**Given data**
+--
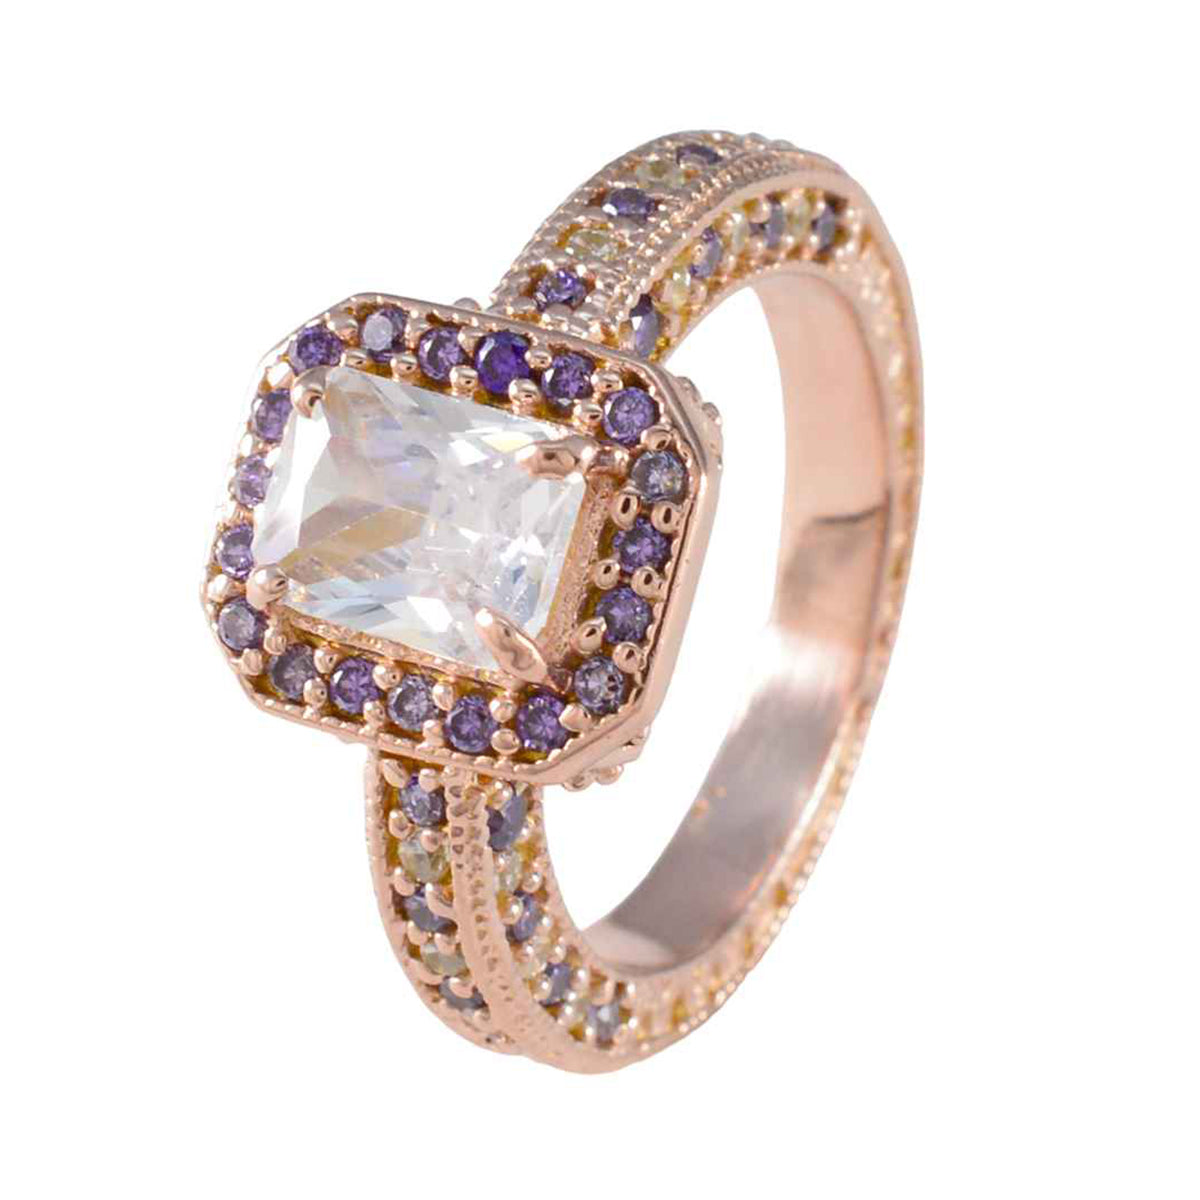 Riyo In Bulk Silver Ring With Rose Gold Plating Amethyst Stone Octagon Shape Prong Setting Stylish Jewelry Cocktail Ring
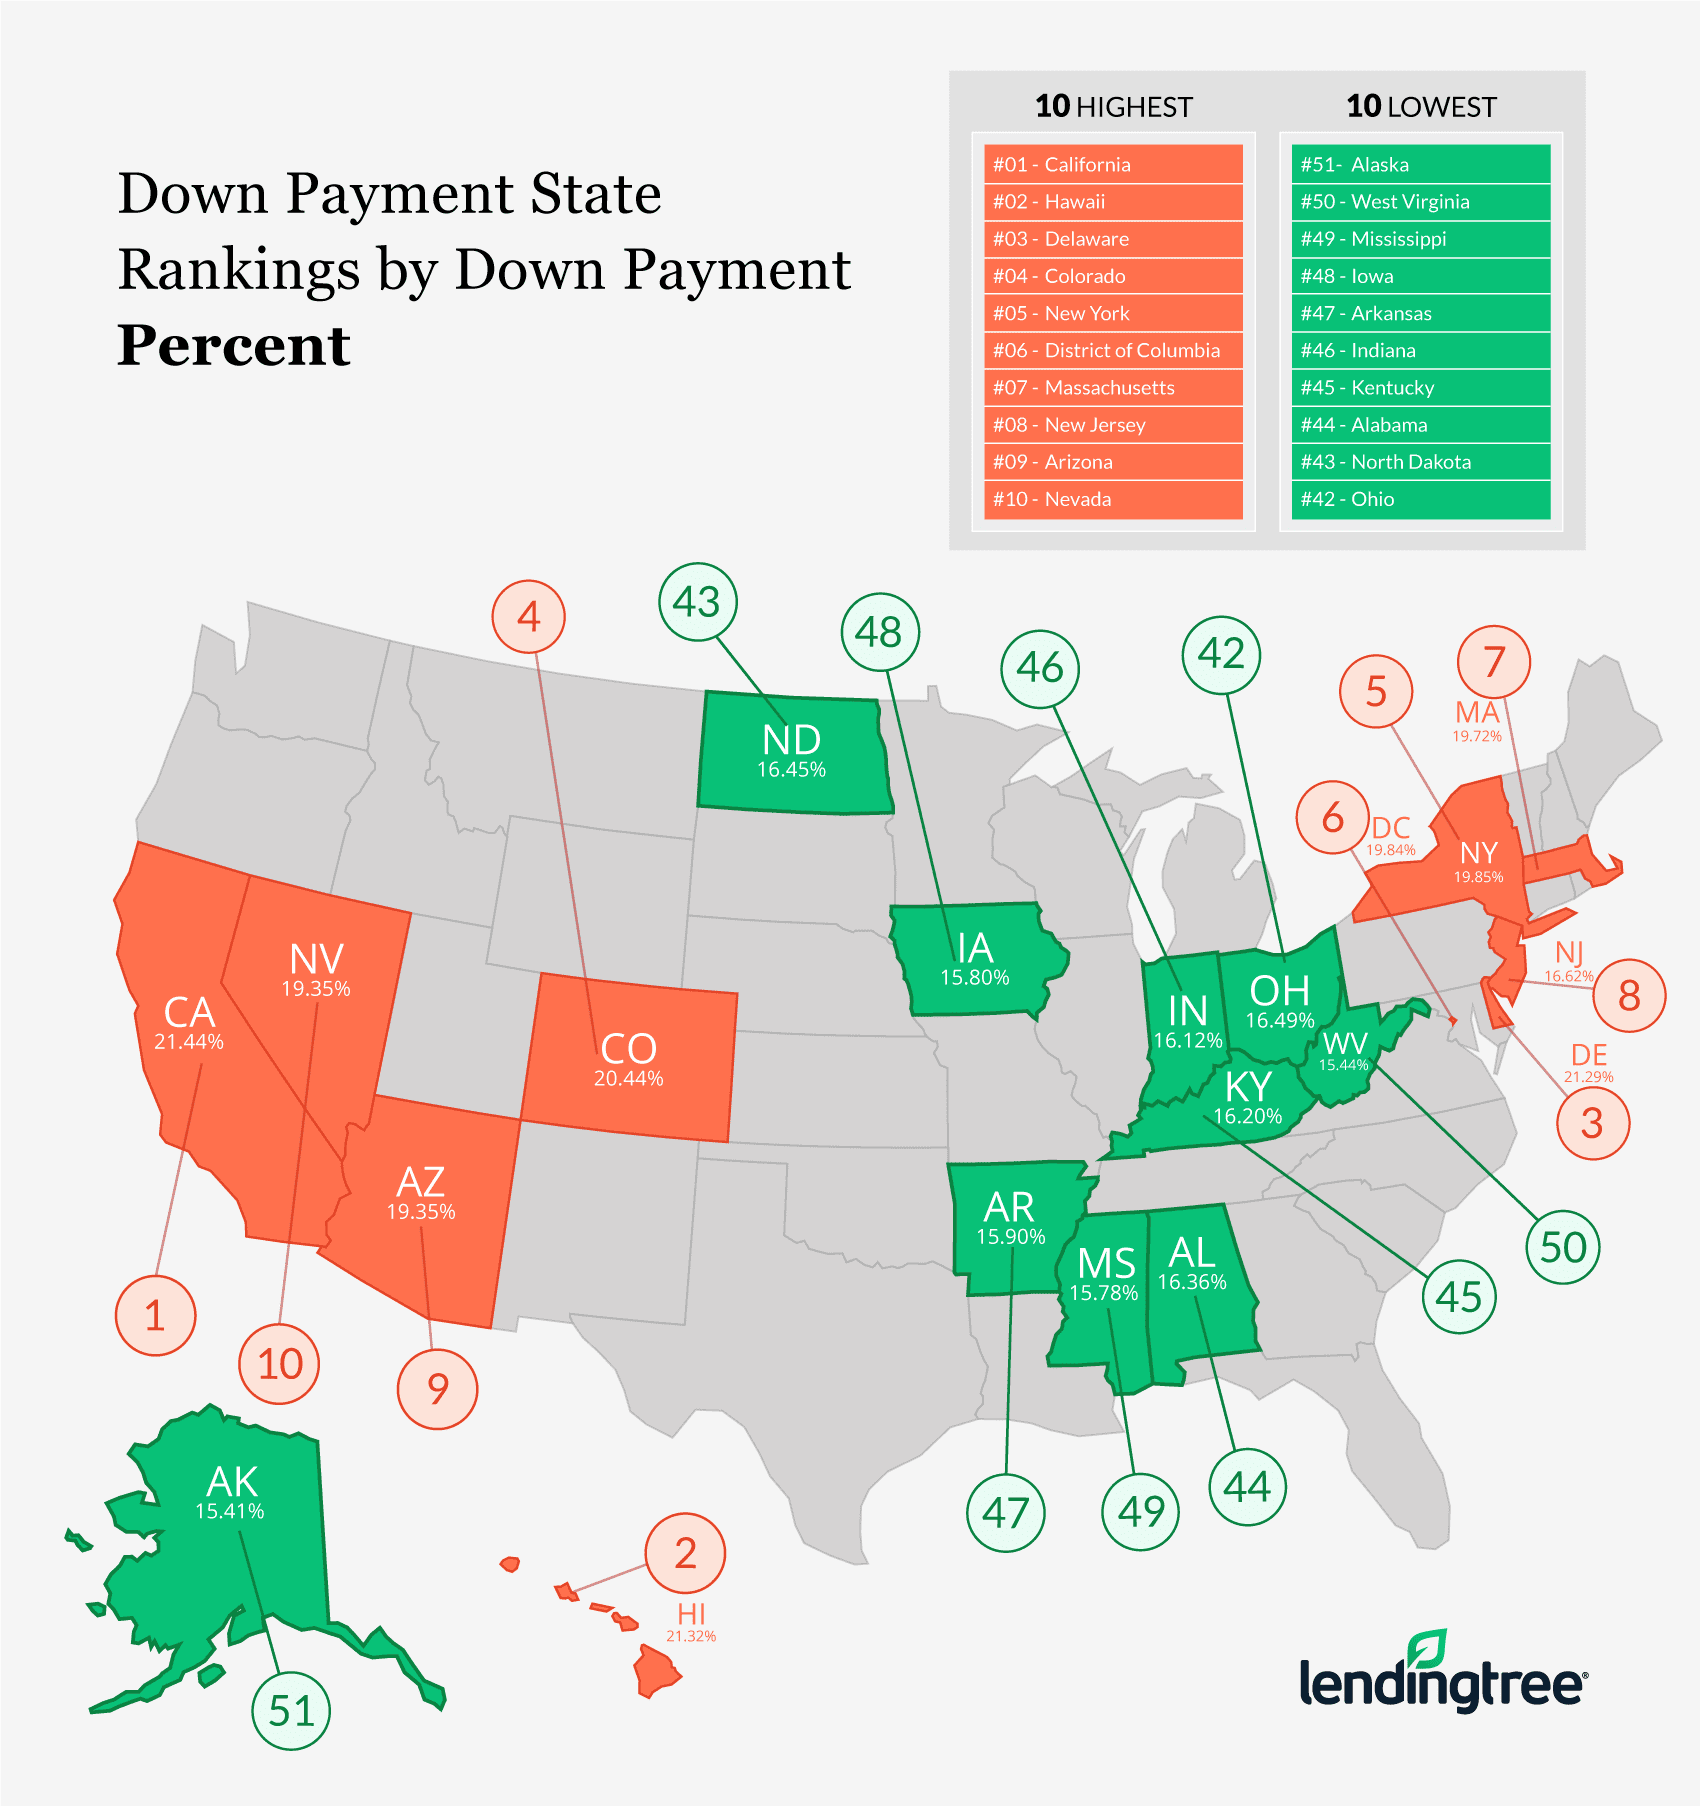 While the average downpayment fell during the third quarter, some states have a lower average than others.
+--
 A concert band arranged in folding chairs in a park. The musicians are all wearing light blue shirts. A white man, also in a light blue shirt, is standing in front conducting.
+--
**Your goal**
Reproduce the listing above exactly from the line containing "Riyo In Bulk" up to and including the line containing "While the average", omitting any images and everything outside those lines.

**Solved problem**
 Riyo In Bulk Silver Ring With Rose Gold Plating Amethyst Stone Octagon Shape Prong Setting Stylish Jewelry Cocktail Ring
 While the average downpayment fell during the third quarter, some states have a lower average than others.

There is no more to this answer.